Grandin’s determination to create an Aboriginal clergy was not shared by all his missionaries, many of whom tended to see certain traits in the Indians and Métis as insurmountable obstacles to a religious vocation.
He sought government protection and respect for the Indians:
Prior to the Northwest Rebellion of 1885 (With Louis Riel), Bishop Grandin realized that the Métis of his diocese were suffering and he made numerous representations to the authorities to alleviate their plight. As the situation of the Métis deteriorated and their frustrations grew, Grandin sought both to keep them in a state of obedience and to obtain justice for them from the government. Although he deplored the use of arms in 1885, he remained convinced that it was the English residents who provoked the Métis rebellion by attempting to steal their land. He also claimed that the authorities had overlooked these illegal activities and that this disregard had made the Métis even angrier. Grandin was totally hostile towards Louis Riel*. He considered the Métis leader a raving lunatic who, claiming to be inspired by God, deceived the people and forced them to take up arms. After the rebellion, Grandin interceded on behalf of the prisoners and asked the government to be as lenient as possible.
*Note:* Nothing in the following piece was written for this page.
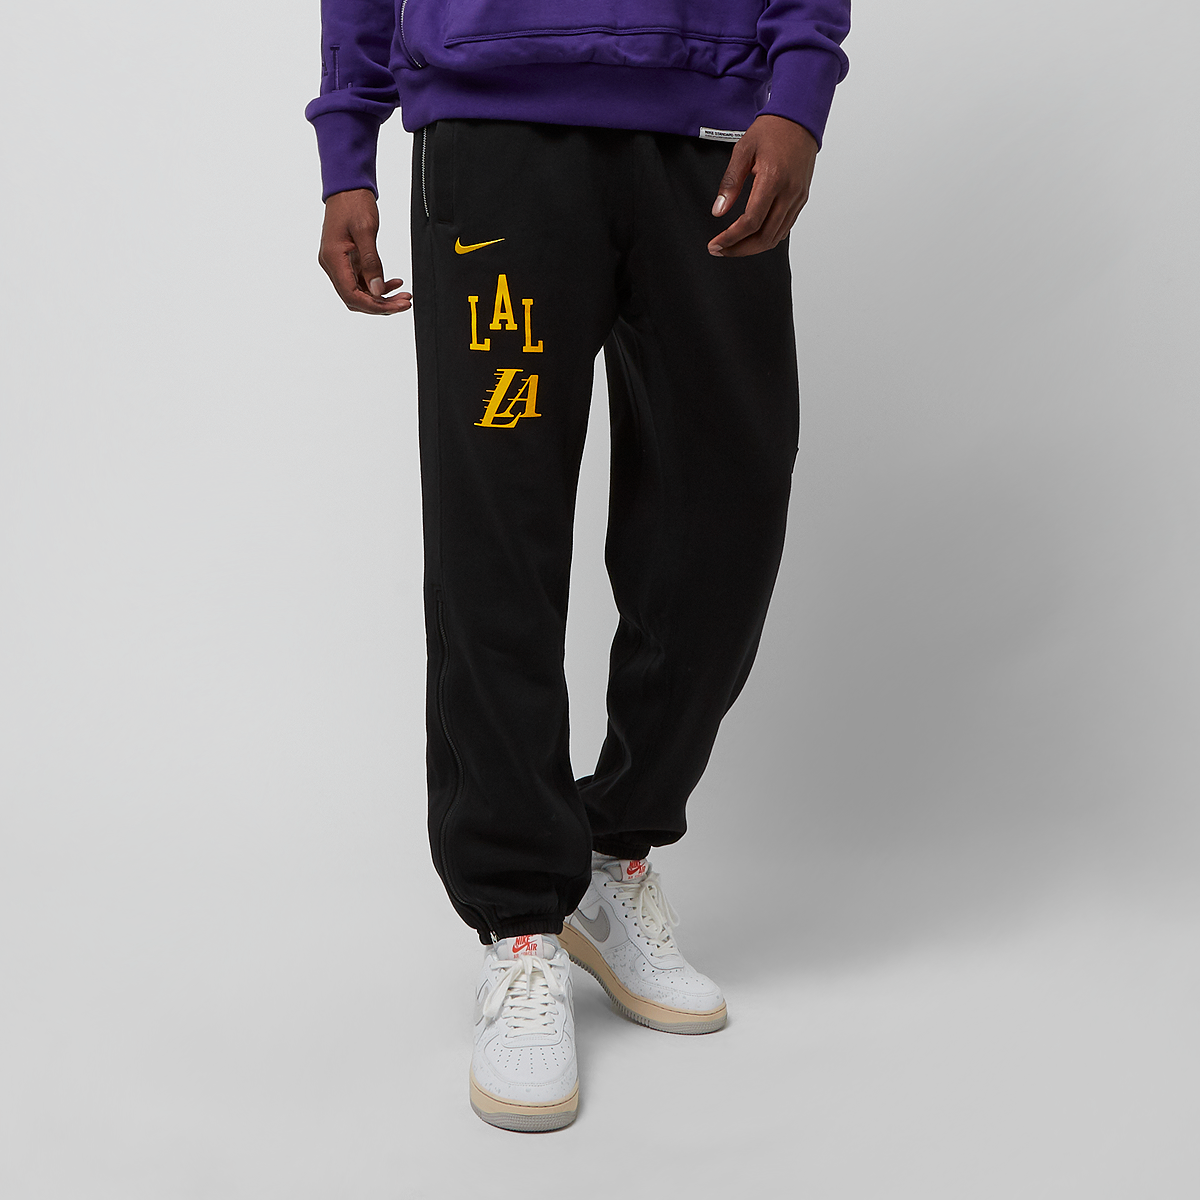 Nike Los Angeles Lakers Standard Issue City Edition Pants Trainingsbroeken Heren black maat: S beschikbare maaten:S
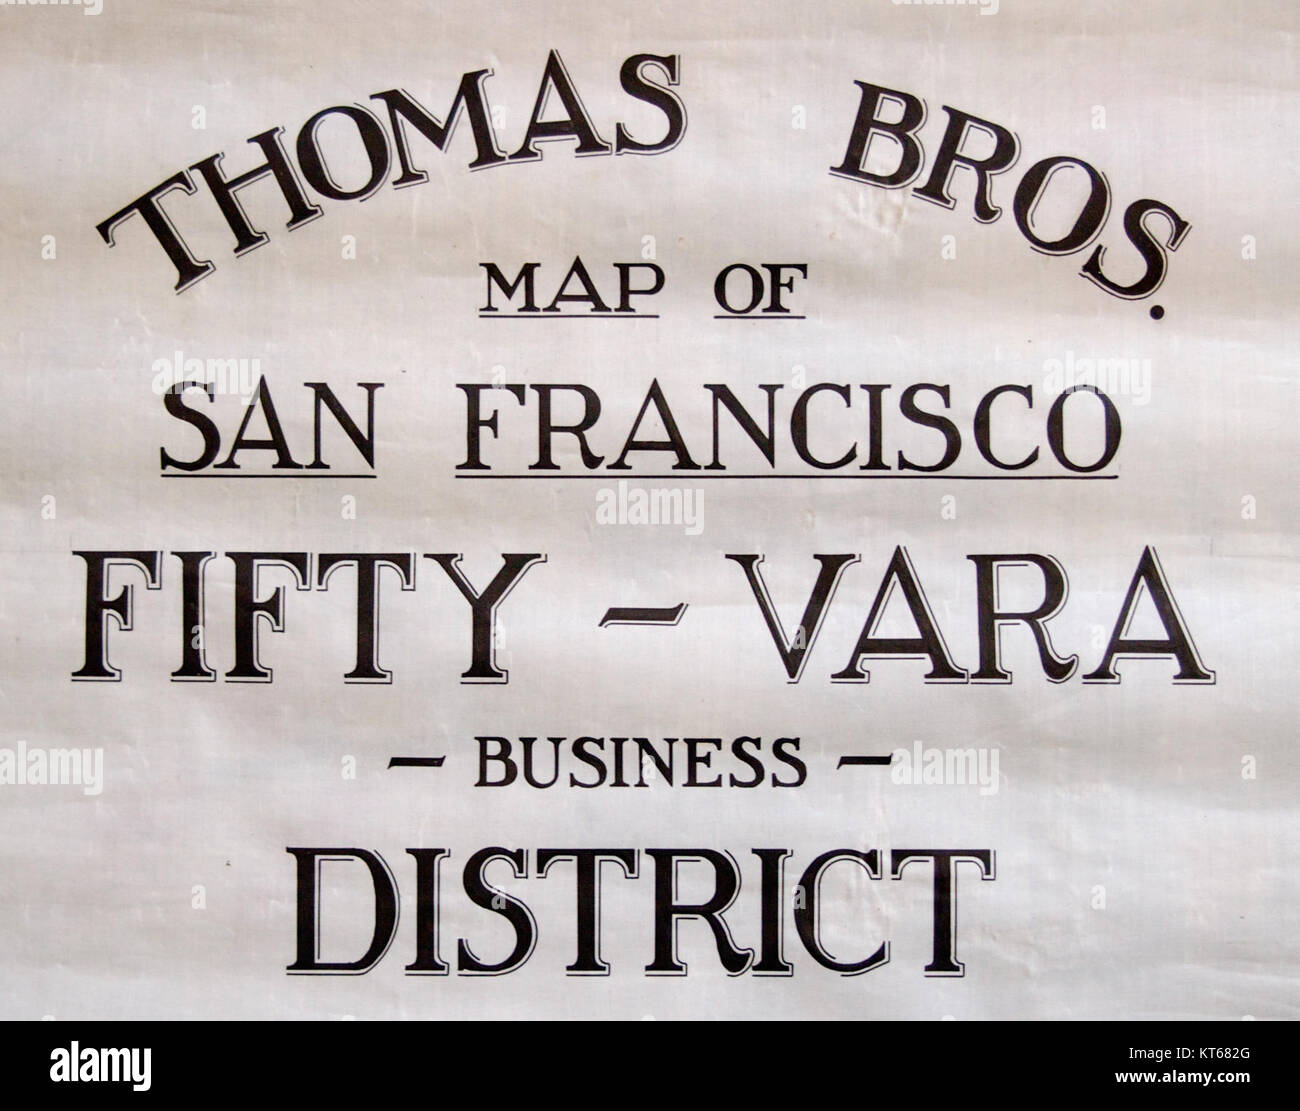 Thomas Bros. logo on San Francisco map Stock Photo

He was also concerned about the material well-being of the Métis who were alienating their land. He therefore encouraged them to settle in the colony that Father Albert Lacombe had founded for them at St. Paul-des-Métis (St. Paul, Alta.).
Vital-Justin Grandin had been in frail health since early childhood, and missionary life in the Northwest – hard work, frequent travel in arduous conditions, poor diet – undoubtedly aggravated his condition. He suffered from severe earaches, abscesses and infections; by 1875, he feared he would go deaf. Despite the care he received in France, his problems persisted and were later complicated by internal disorders and hemorrhages. Because of his age and health, he asked to be relieved of his duties as bishop and vicar of the missions. Rome refused his resignation and some time later, in 1897, named Emile-Joseph Légal coadjutor bishop of Saint-Albert. Grandin’s health continued to decline, but he continued to serve until his death on June 3, 1902. Canonical investigations for his beatification began in 1929, and in 1966 he was declared venerable.